**Information shown**
BEGIN

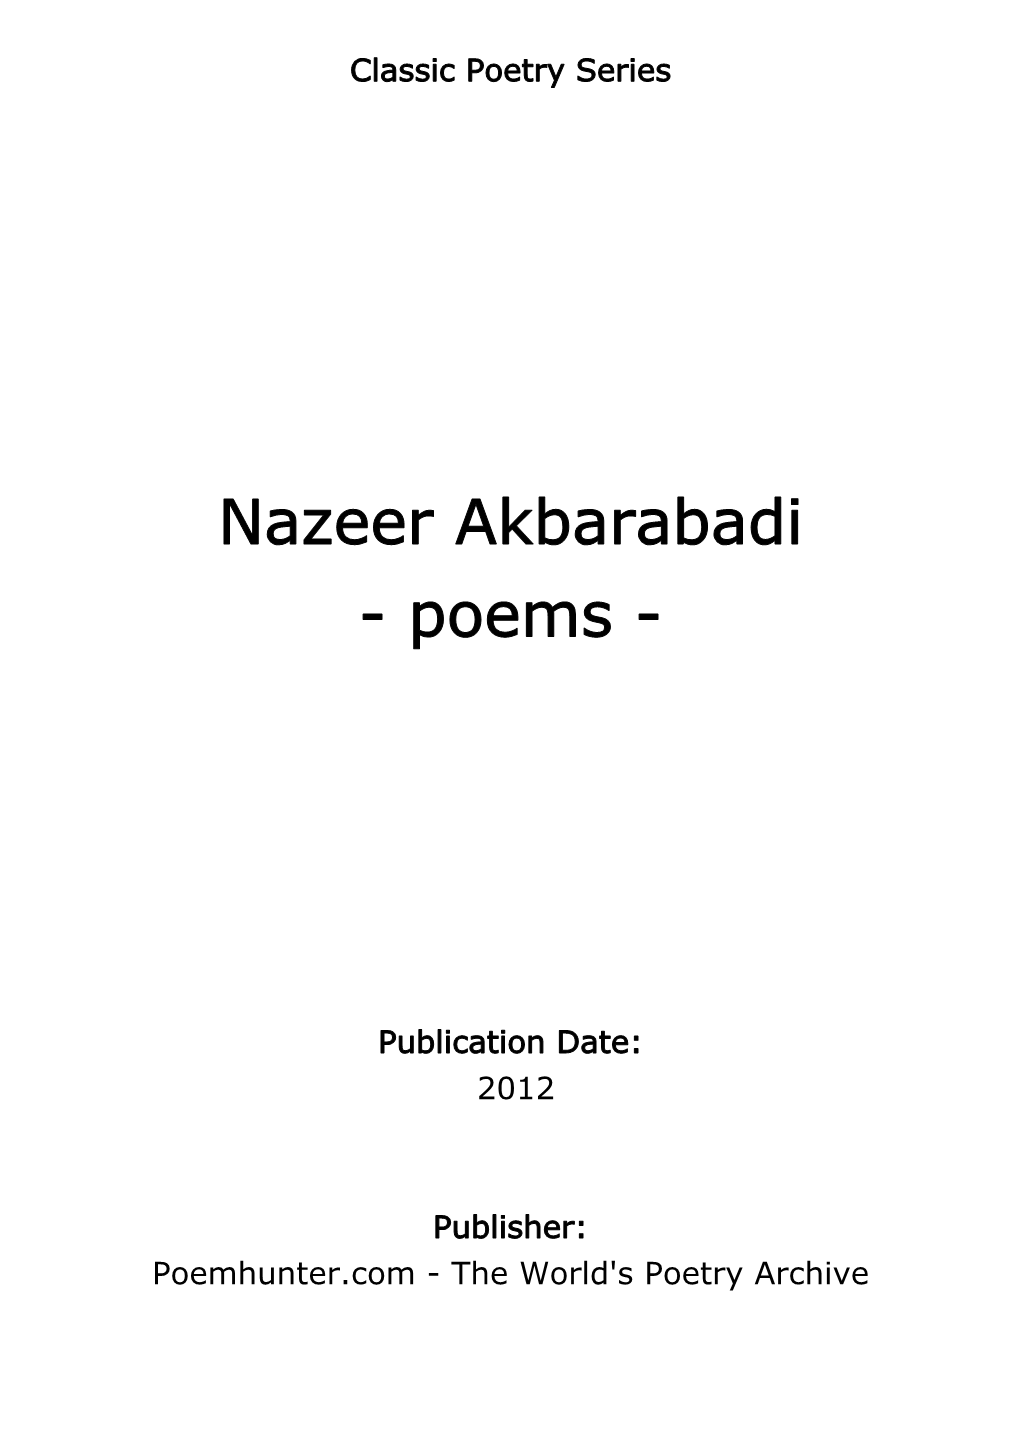 Nazeer Akbarabadi - Poems
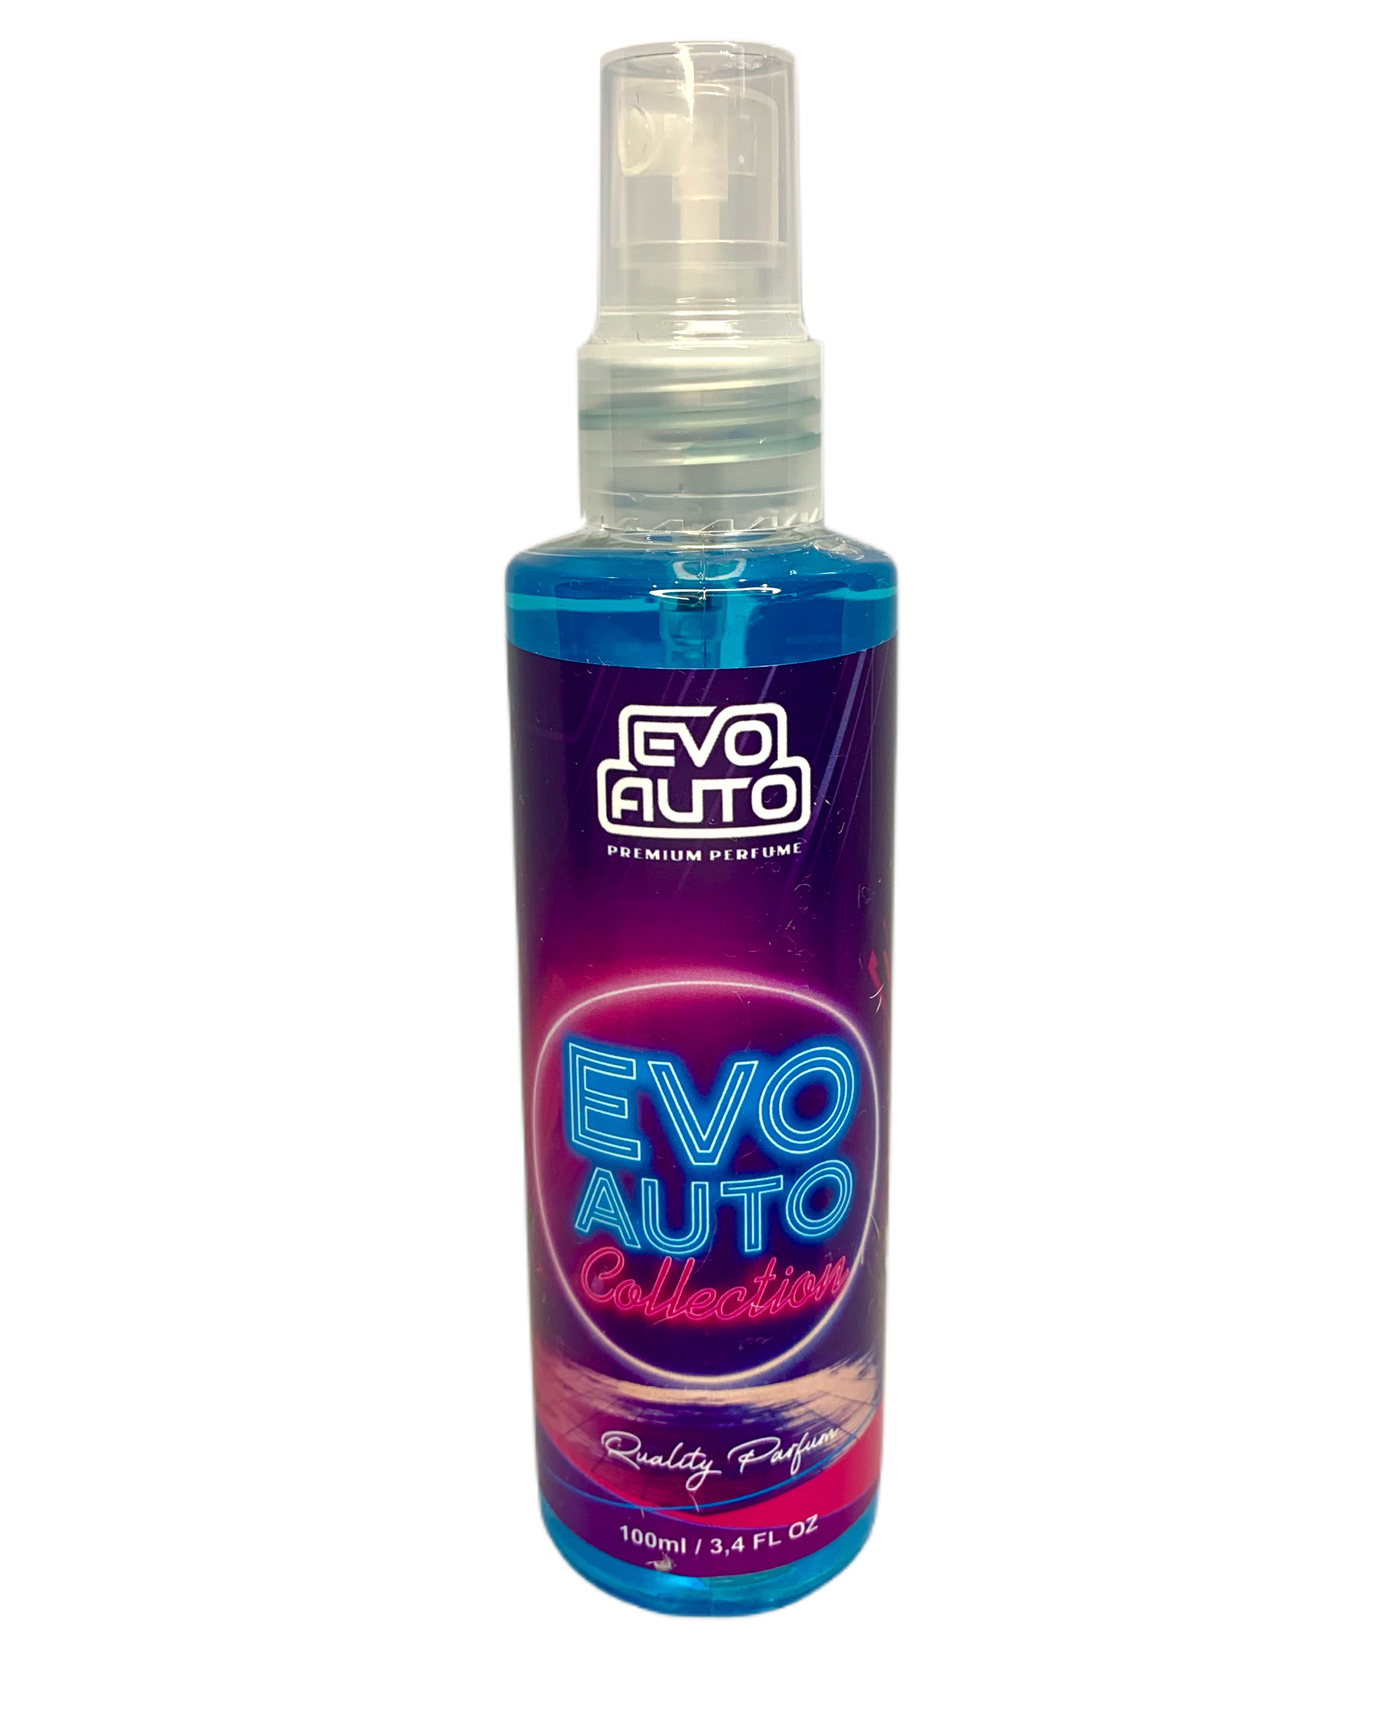 Aromatizante Evo Collection Spray 100ml Evo Auto
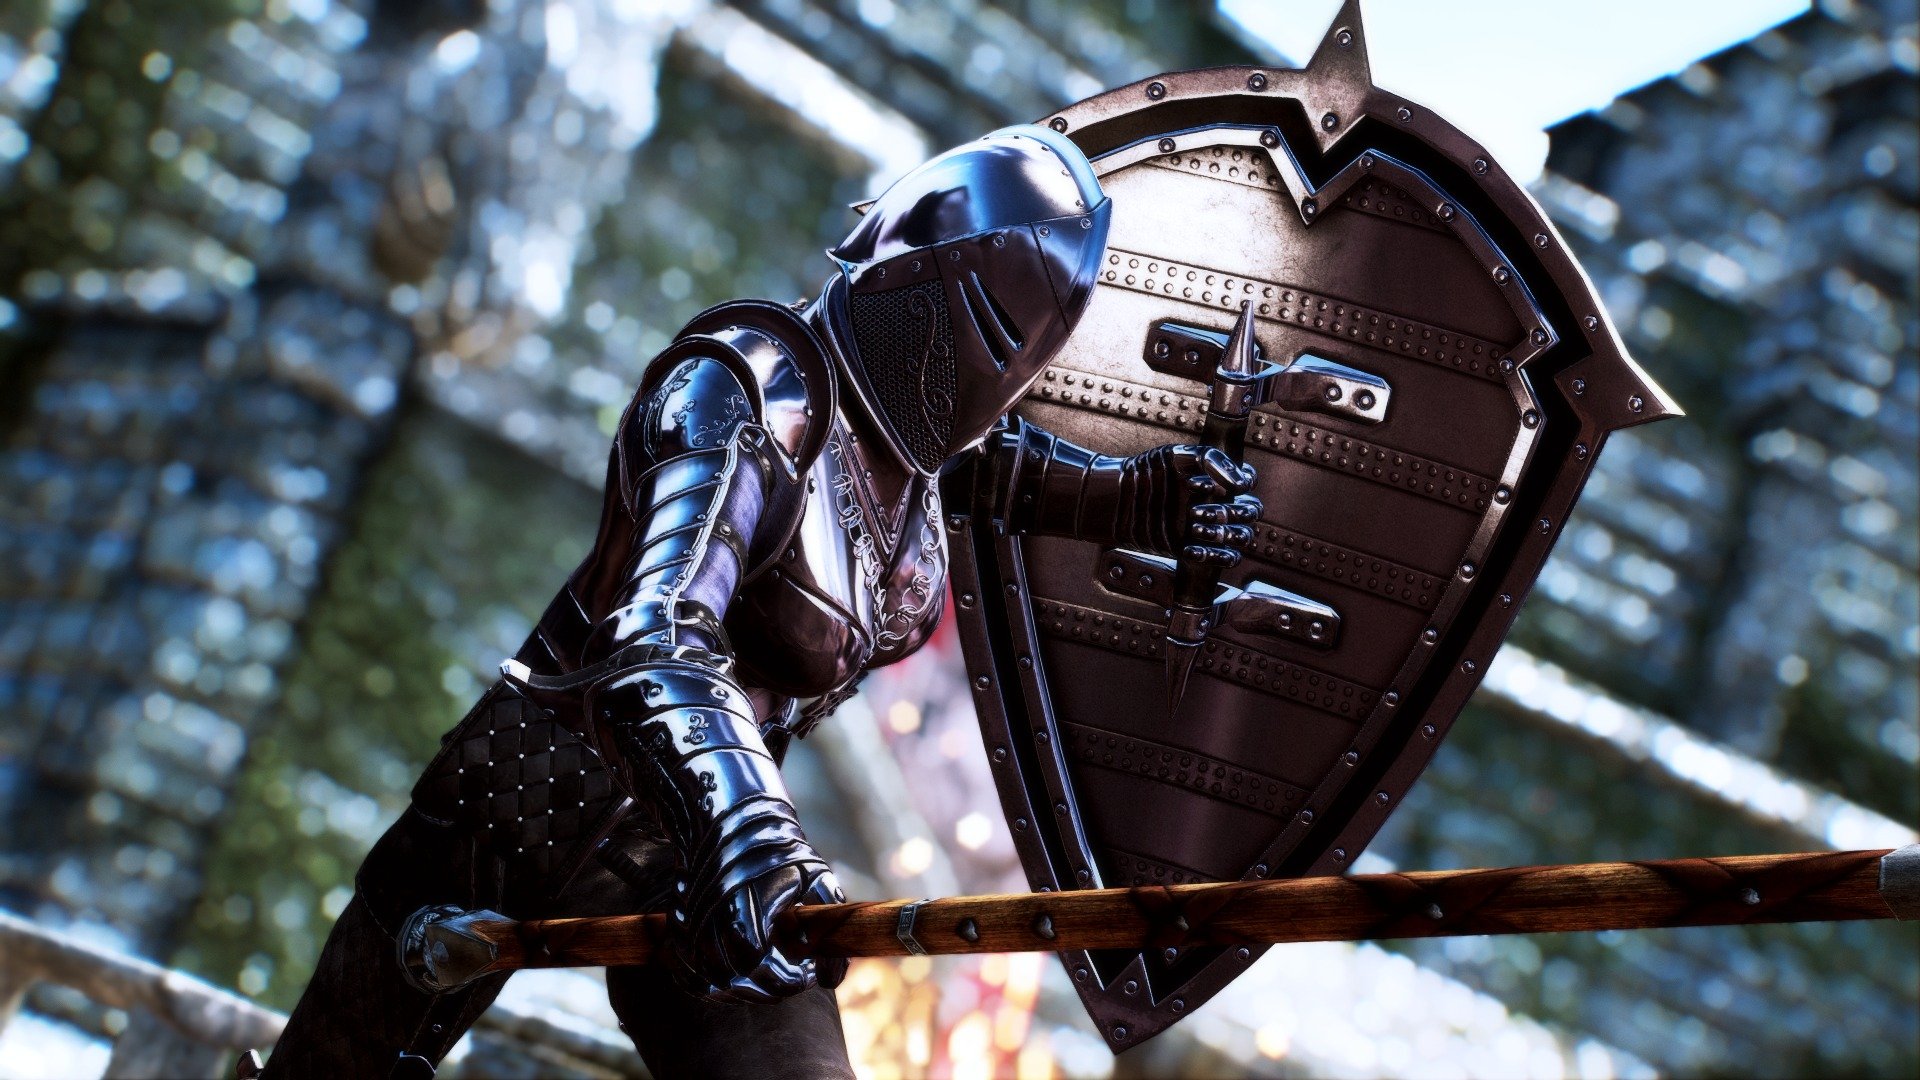 Shield knight. Skyrim DX Dark Knight Armor. Кнайт щит. Рыцарь в доспехах со щитом. Щит рыцаря.
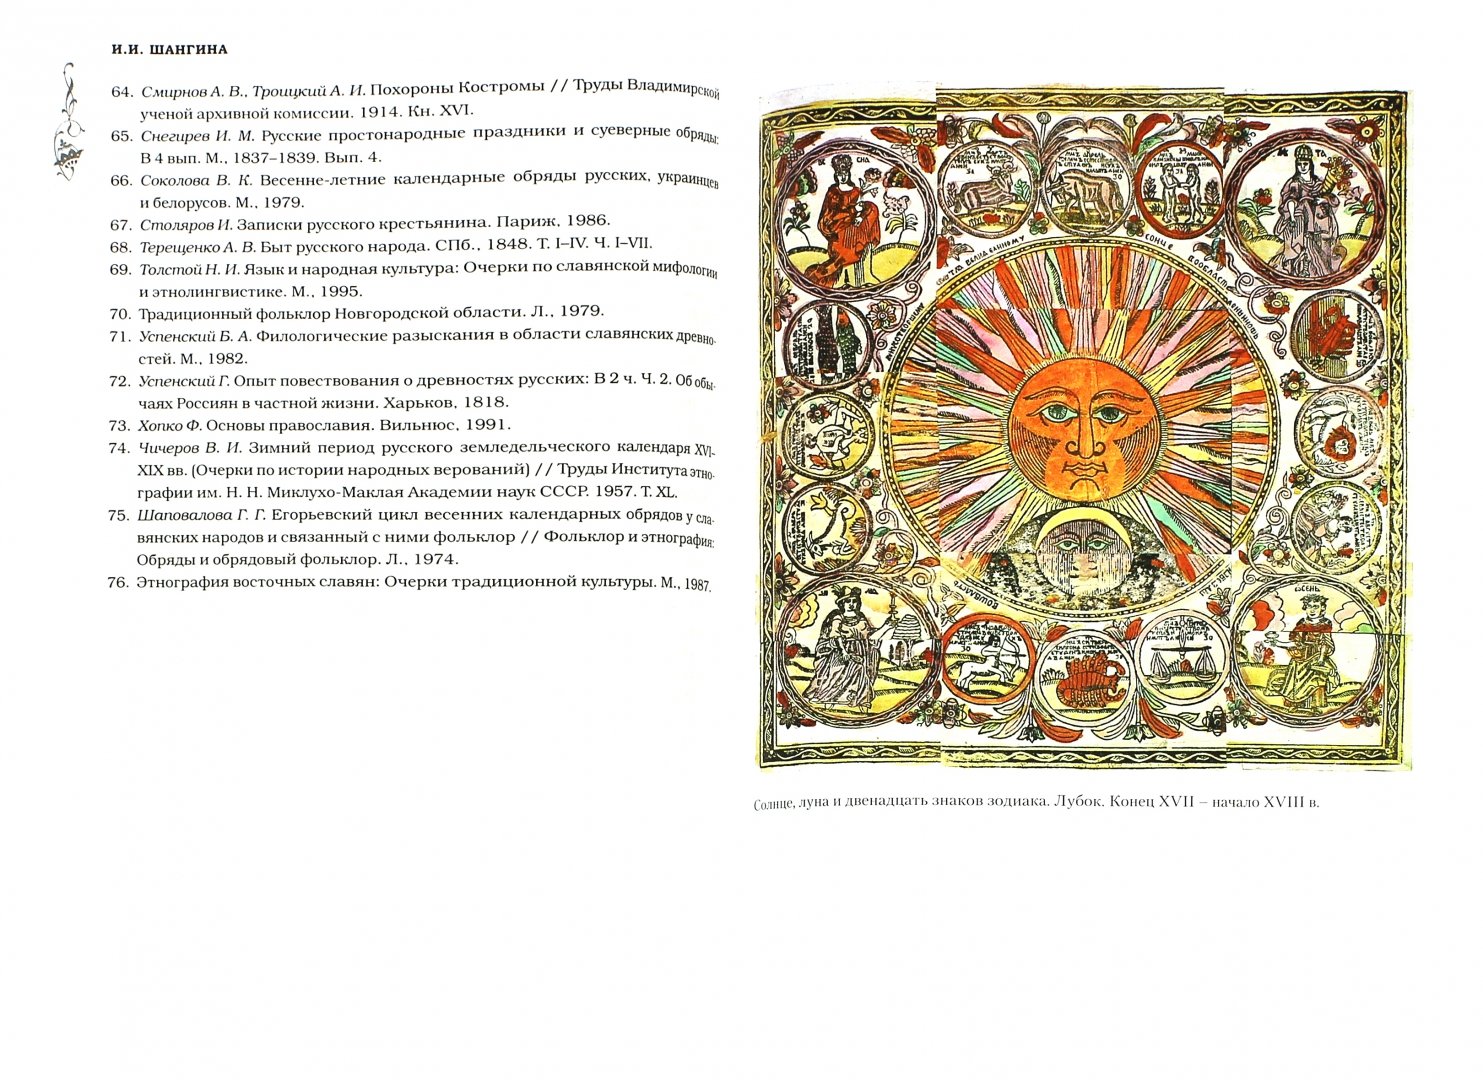 Иллюстрация 1 из 21 для Русские праздники - Шангина, Некрылова | Лабиринт - книги. Источник: Лабиринт

END

**Aim of the task**
What is needed is a word-for-word copy of the data above, free of any images.

**Response box**
 Nazeer Akbarabadi - Poems
 Aromatizante Evo Collection Spray 100ml Evo Auto
 Shield knight. Skyrim DX Dark Knight Armor. Кнайт щит. Рыцарь в доспехах со щитом. Щит рыцаря.
 Иллюстрация 1 из 21 для Русские праздники - Шангина, Некрылова | Лабиринт - книги. Источник: Лабиринт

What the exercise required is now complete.